(Data for the task)
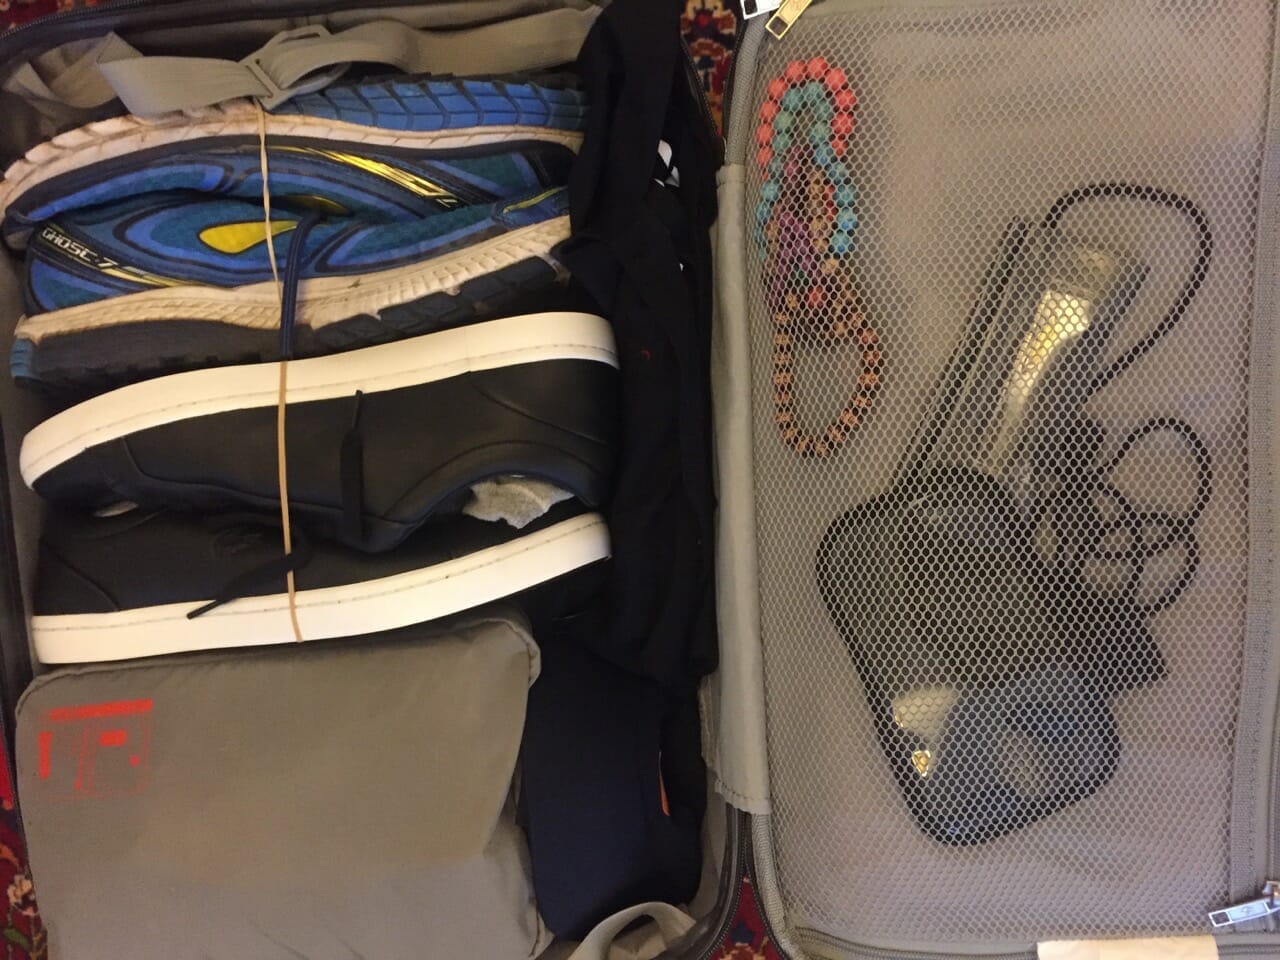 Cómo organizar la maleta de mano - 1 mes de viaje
(End Data for the task)
(Data for the task)
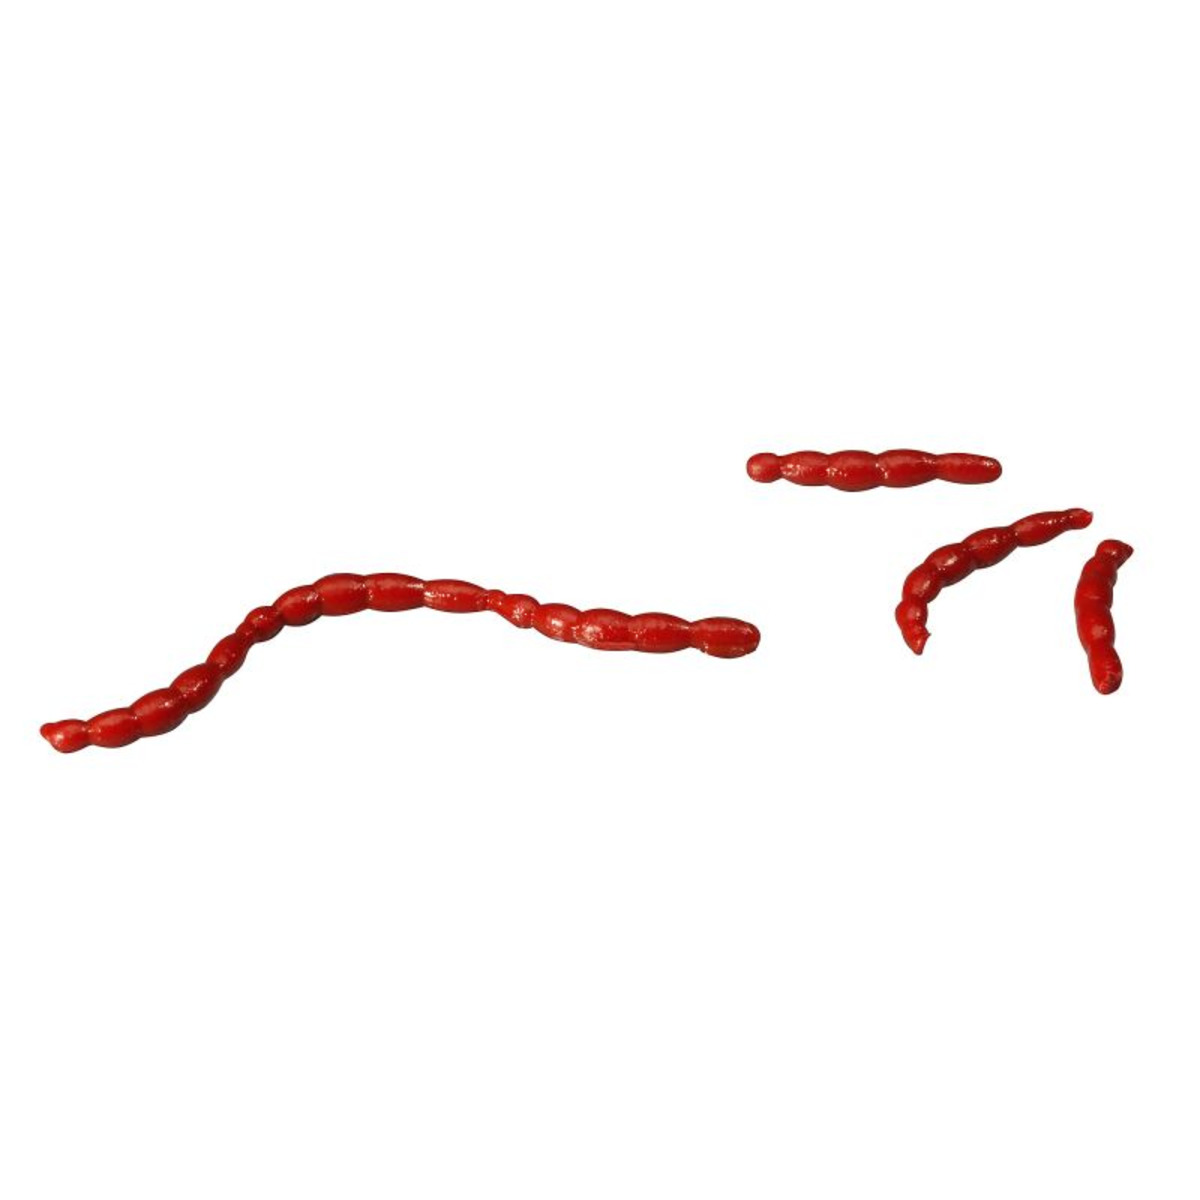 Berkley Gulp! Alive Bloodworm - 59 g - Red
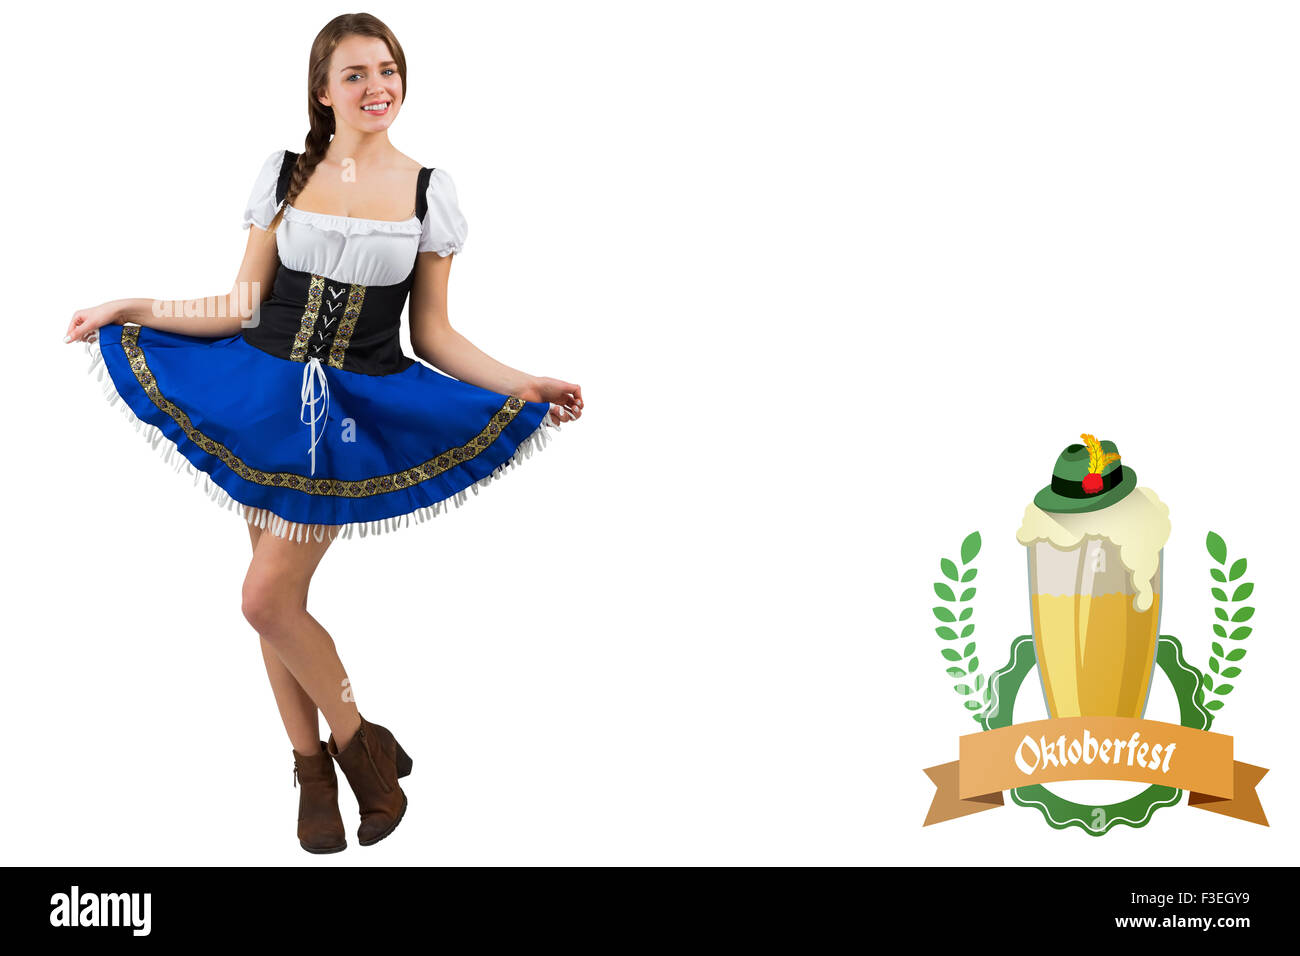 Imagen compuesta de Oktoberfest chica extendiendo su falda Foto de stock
(End Data for the task)
Problem description: In the listing above, find the line containing "Berkley Gulp! Alive Bloodworm - 59 g - Red" and the line containing "Imagen compuesta de"; print those lines and every line between them exactly, leaving out pictures.

Written solution:
 Berkley Gulp! Alive Bloodworm - 59 g - Red
 Imagen compuesta de Oktoberfest chica extendiendo su falda Foto de stock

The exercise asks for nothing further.